As to the nature of the mind, it is nothing special either, it is nothing but accumulated impressions of the interactions of the same "soup", emerging as ability to recognize patterns and regularities.

Therefore, Emptiness and Dependent Origination are two ways to conceptualize what in reality is the same "grand scheme of things". Emptiness is Dependent Origination and Dependent Origination is Emptiness. In other words, form is emptiness and emptiness is form.

  • 1
    Neat last paragraph. I previously read, "form is emptiness and emptiness is form" as a paradox and confusing (and maybe close to nihilistic). But you're saying "A is B because (or 'in that') they are both referring to the same/one reality".
    – ChrisW
    Commented May 12 at 16:19
  • I think I understand. The tendency to "grasp" things is what determines them as independent and discrete entities. It seems to me that you've explained the relationship between Cittamatra and Madhyamaka very well with your explanation. However, I believe that asserting a state of continuous flux is affirming too much because flux depends on there being things to be something. It seems to me that impermanence (= ¿flux?) has more to do with both change and permanence being impossible, since they are empty, and hence the impossibility of establishing any enduring identity beyond conventions.
    – Ian
    Commented May 14 at 20:25
  • yeah, maybe, but I wanted to keep it simple and clear without too much philosophical baggage. Sometimes when we try too hard to make things accurate the reader can't see the forest behind the trees. But this is also about the Rangtong/Shengtong split, of which I belong to the latter.
    – Andriy Volkov
    Commented May 14 at 20:28
  • Oh, I see! It always comes in handy to be reminded of the luminous aspect of emptiness. I, on the other hand, prefer to highlight the dark side!
    – Ian
    Commented May 15 at 12:08

Dependent origination is with regards to conventional reality. Emptiness is with regards to Ultimate reality. If you are reading Nagarjuna's MMK, I suggest you look at ch.24 v.18. Whatever is empty, that is said to be dependently originated. Emptiness is regards to phenomena having no objective existence, no independent existence. Precisely because they dont have an independent existence, dependent existence is granted.
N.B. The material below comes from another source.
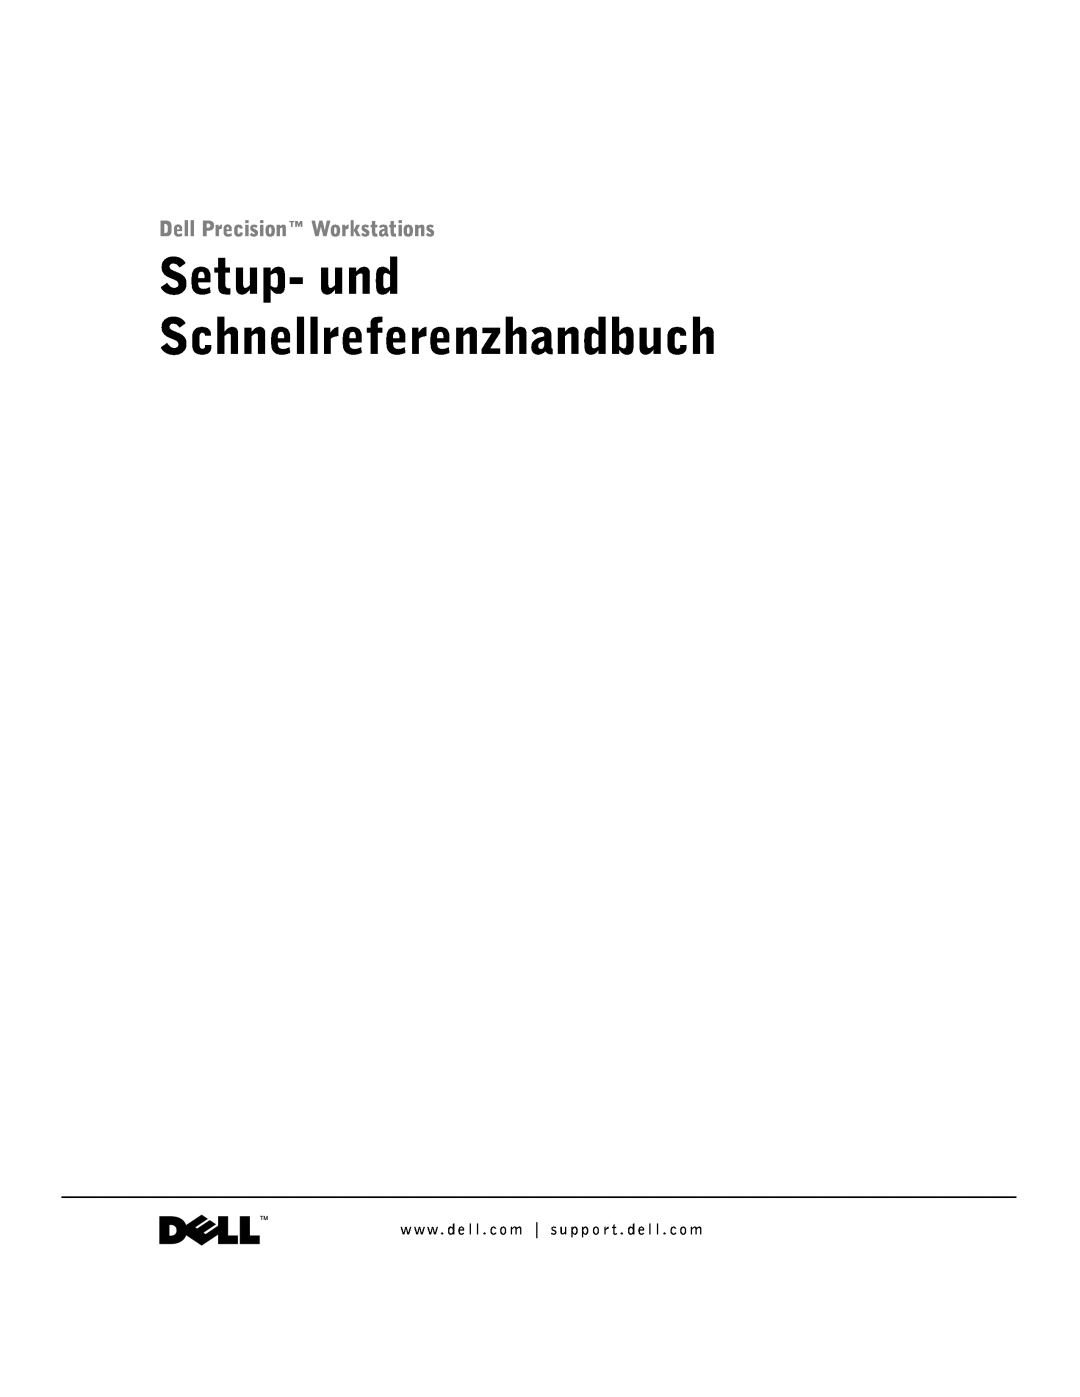 Dell 1G155 manual Setup- und Schnellreferenzhandbuch, Dell Precision Workstations

  • It's been quite clear when you said that dependent origination is an assertion of dependency and emptiness a denial of independence. What I don't quite understand is why you first say that "Emptiness is with regards to Ultimate reality (...)", and then "Emptiness is regards to phenomena having no objective existence". Could you clarify this?
    – Ian
    Commented May 14 at 20:16
  • Could it be said that asserting dependent origination is the "best" positive way we have of talking about emptiness conventionally, and that emptiness, being a characteristic denoting absence, is precisely a negative and oblique way of showing the non-substantial nature of things?